Actualités of Tuesday, 7 June 2022

Source: Kalara du 06-06-2022

Affaire Amougou Belinga : voici pourquoi les fonctionnaires de la DGI sont en fuite

Les fonctionnaires sont introuvables Les fonctionnaires sont introuvables

Le chef de l’Etat met en déroute le plan du patron du Groupe l’Anecdote qui visait à anéantir les arriérés fiscaux de 28,6 milliards de francs réclamés par la Direction générale des impôts. Il ordonne en urgence la remise en liberté d’un responsable du fisc abusivement incarcéré grâce aux soutiens de l’homme d’affaires au sein de l’appareil judiciaire. Kalara revient sur les manœuvres mafieuses et judiciaires de l’ombre qui ont précédé de l’intervention surprise du président de la République.

Alors qu’il s’attendait à faire incarcérer trois nouveaux inspecteurs des impôts en ce début de semaine, M. Jean-Pierre Amougou Belinga découvre, depuis vendredi dernier, que la dynamique ultra-répressive qu’il avait impulsée à sa procédure judiciaire avec l’aide de ses soutiens dans l’appareil judiciaire s’est enrayée. En fin de journée de vendredi dernier, 3 juin 2022, deux correspondances véhiculées sur les réseaux sociaux ont dévoilé l’entrée en scène quasiment tonitruante du président de la République dans la bataille qui oppose depuis quelques semaines l’homme d’affaires à l’administration fiscale. Suite à de «hautes instructions reçues par voie téléphonique» par le ministre de la Justice dans le but de remettre en liberté Mme Mvogo Emeline épouse Biyina, en détention préventive depuis le 19 mai, M. Laurent Esso a dû rendre compte, dans l’urgence aussi, de la difficulté à exécuter immédiatement l’ordre reçu.

Avant de s’adresser au secrétaire général de la présidence de la République (SGPR) «pour la haute information du chef de l’Etat», le Garde des Sceaux avait pris le soin de prescrire le même jour au procureur général près la Cour d’appel du Centre, lui aussi à travers des «instructions verbales», la prise «des dispositions légales en vue de la mise en liberté de Mme Mvogo Emeline». Dans une «note à l’attention de M. le ministre d’Etat, ministre de la Justice, Garde des Sceaux» faite dans l’urgence, M. Ntamack Jean Fils Kléber a répondu que «la demande de mise en liberté de l’intéressée ne peut être réexaminée que par la chambre de contrôle de l’instruction de la Cour d’appel du Centre à son audience du lundi 6 juin 2022». C’est cette opinion qui a été fidèlement transmise par le Garde des Sceaux au président de la République via le SGPR.

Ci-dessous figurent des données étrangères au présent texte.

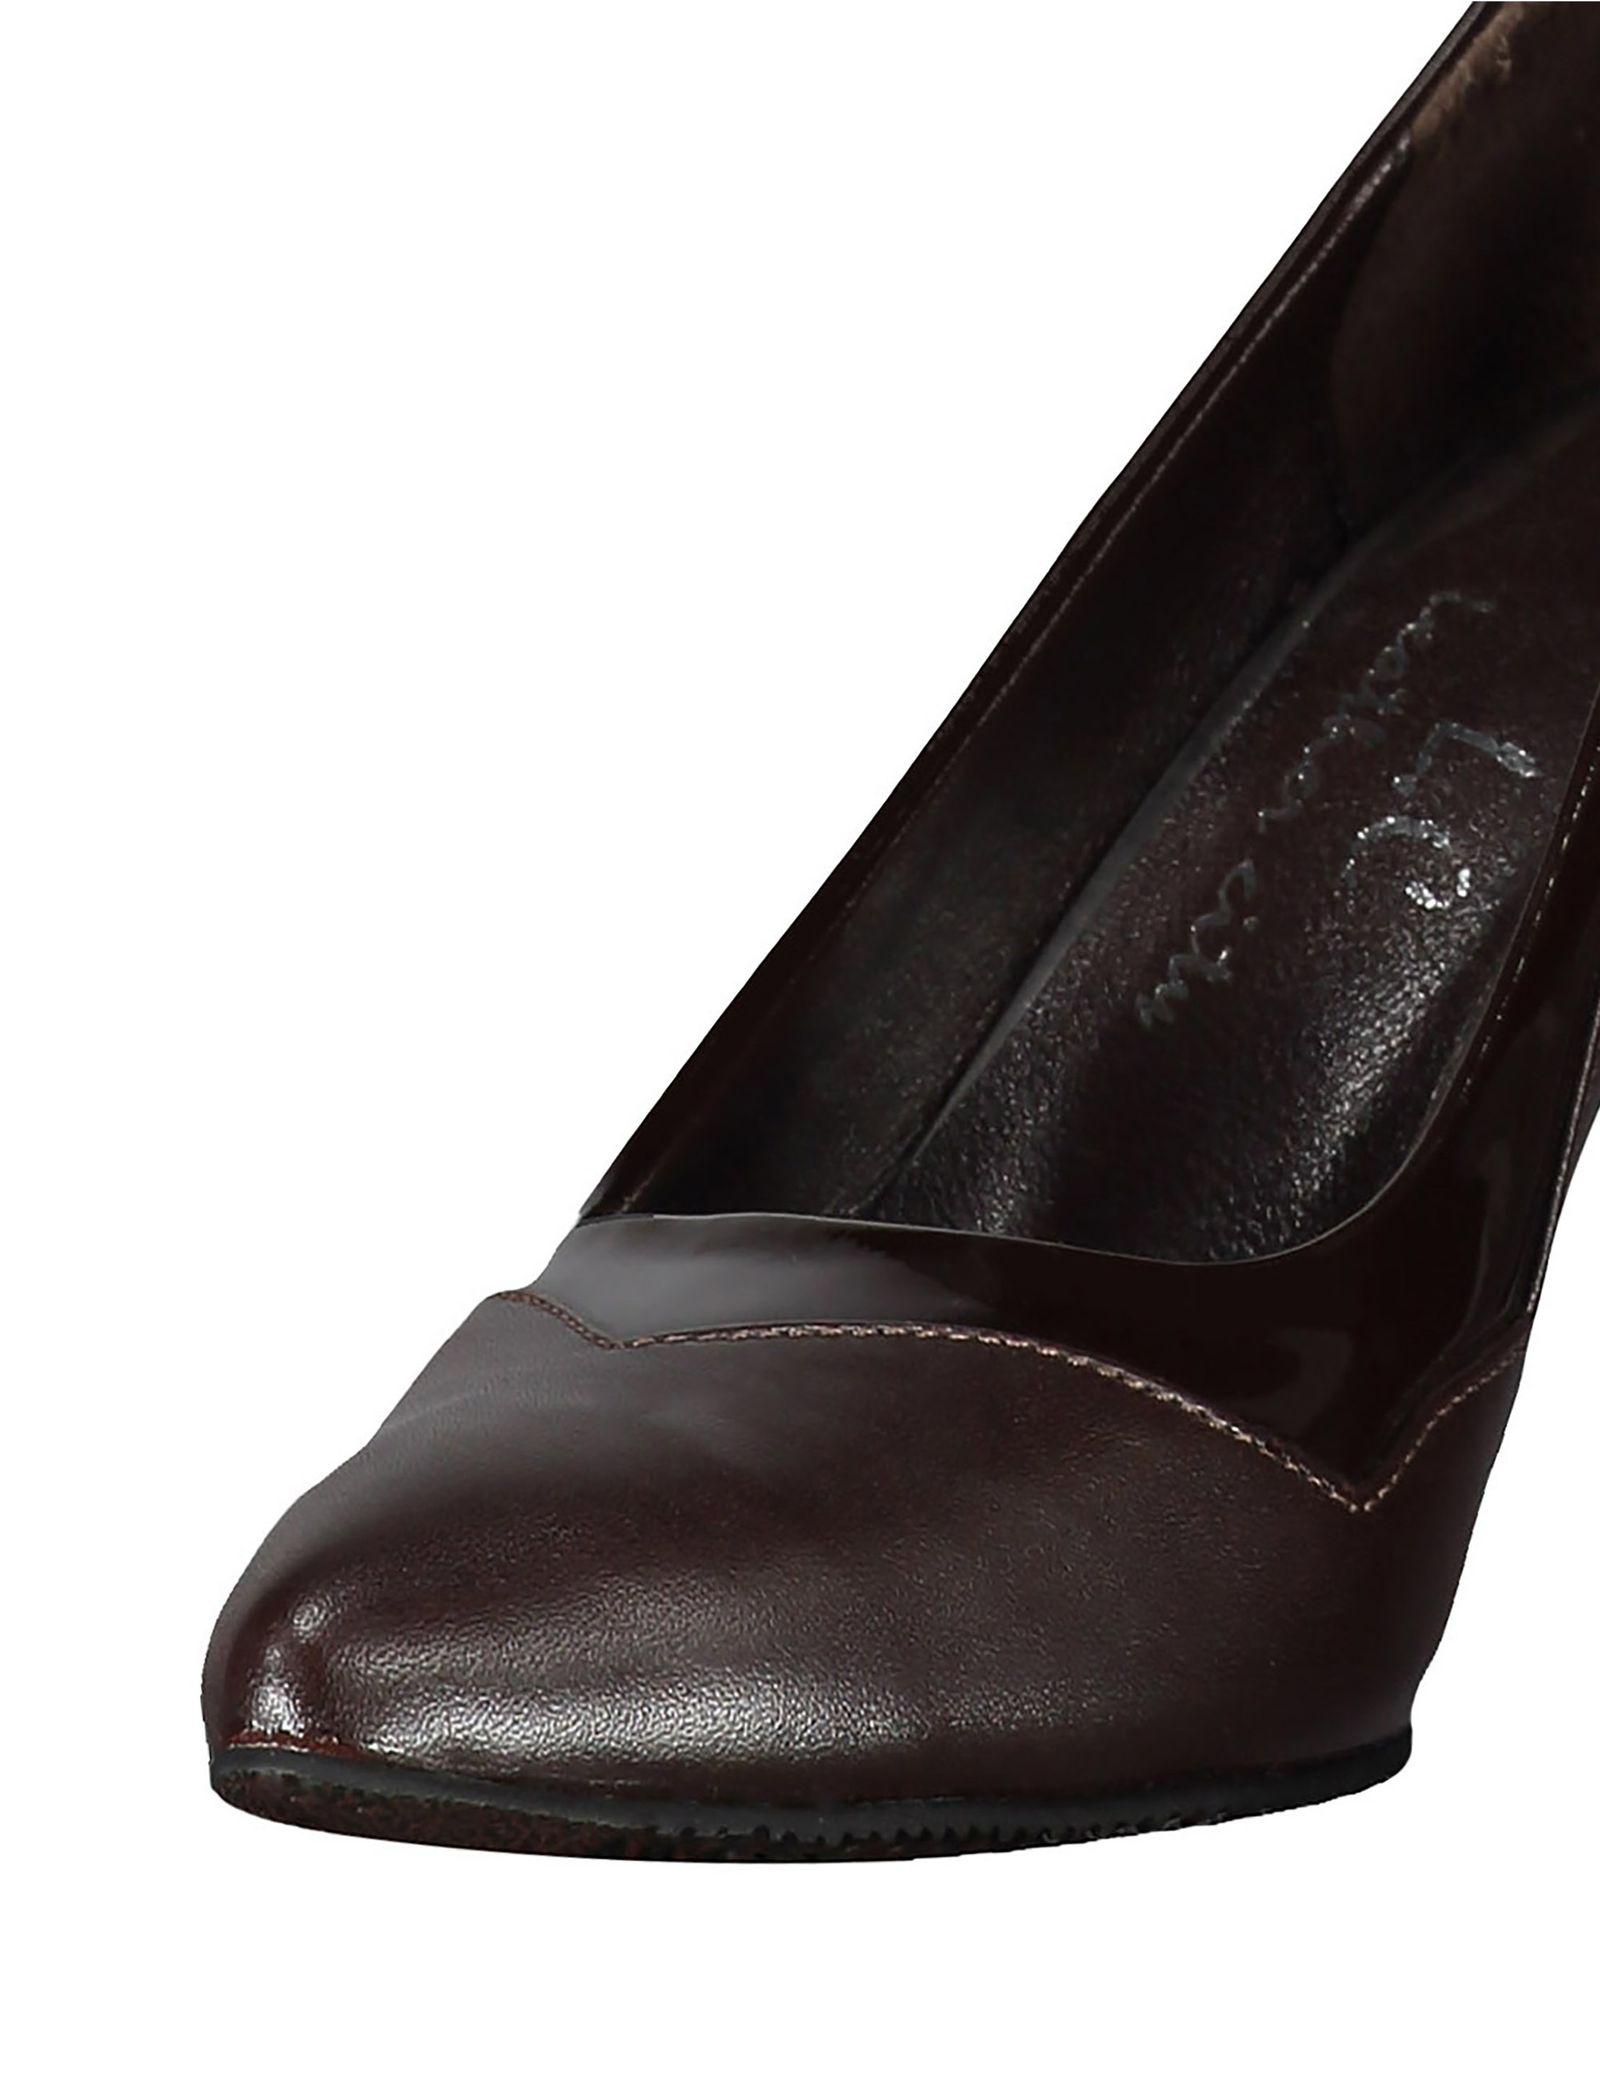 کفش پاشنه بلند چرم زنانه - شهر چرم - قهوه اي - 6

En dévoilant, sans le dire explicitement, que la remise en liberté du chef du Centre régional des impôts du Centre 1 (Cric 1) est programmée pour ce lundi 6 juin 2022, la correspondance de ministre d’Etat Esso est le dernier élément enregistré dans la guerre des nerfs qui s’est intensifiée entre M. Amougou Belinga et l’Administration fiscale depuis une dizaine de jours. Le mercredi 25 mai 2022, M. Modeste Mopa Fatoin, directeur général des impôts (DGI), avait décidé d’aller réconforter et remobiliser à ses collaborateurs du Cric 1, orphelins depuis une semaine quasiment de leur chef de centre. Il annonçait alors qu’il ne ménagera aucun effort pour les protéger dans l’accomplissement de leurs missions. Pour casser le réarmement moral de ses troupes ainsi impulsé par le patron de l’administration fiscale, M. Amougou Belinga obtenait 24 heures plus tard l’émission d’une convocation (lire Kalara N°429) pour la comparution le mardi, 31 mai 2022, de trois inspecteurs des impôts devant le juge d’instruction.

Fonctionnaires en fuite ?

Probablement programmé pour faire incarcérer ces trois inculpés et entretenir ainsi au sein de l’opinion publique l’idée que les fonctionnaires du fisc auraient déjà été confondus au sujet des faits supposés de corruption et de tentative d’extorsion des fonds qui leurs sont imputés par l’homme d’affaires, le rendez-vous du 31 mai éveillait la prudence des avocats de mis en cause. Pas encore remis de l’incarcération surprise de Mme Mvogo Emeline le 19 mai et alertés par une violente campagne médiatique menée à coups d’injures et de contre-vérités sur les responsables du fisc par Vision 4, les conseils de ces derniers décidaient de s’entourer désormais d’un maximum de garanties pour perturber le plan de l’homme d’affaires et de ses soutiens. L’attitude du juge d’instruction devant la requête de remise en liberté du chef du Cric 1 déposée le 23 mai 2022 de même que sa réponse à la demande d’obtention de la «copie du dossier de l’information judiciaire» seront alors minutieusement scrutés pour cerner son état d’esprit.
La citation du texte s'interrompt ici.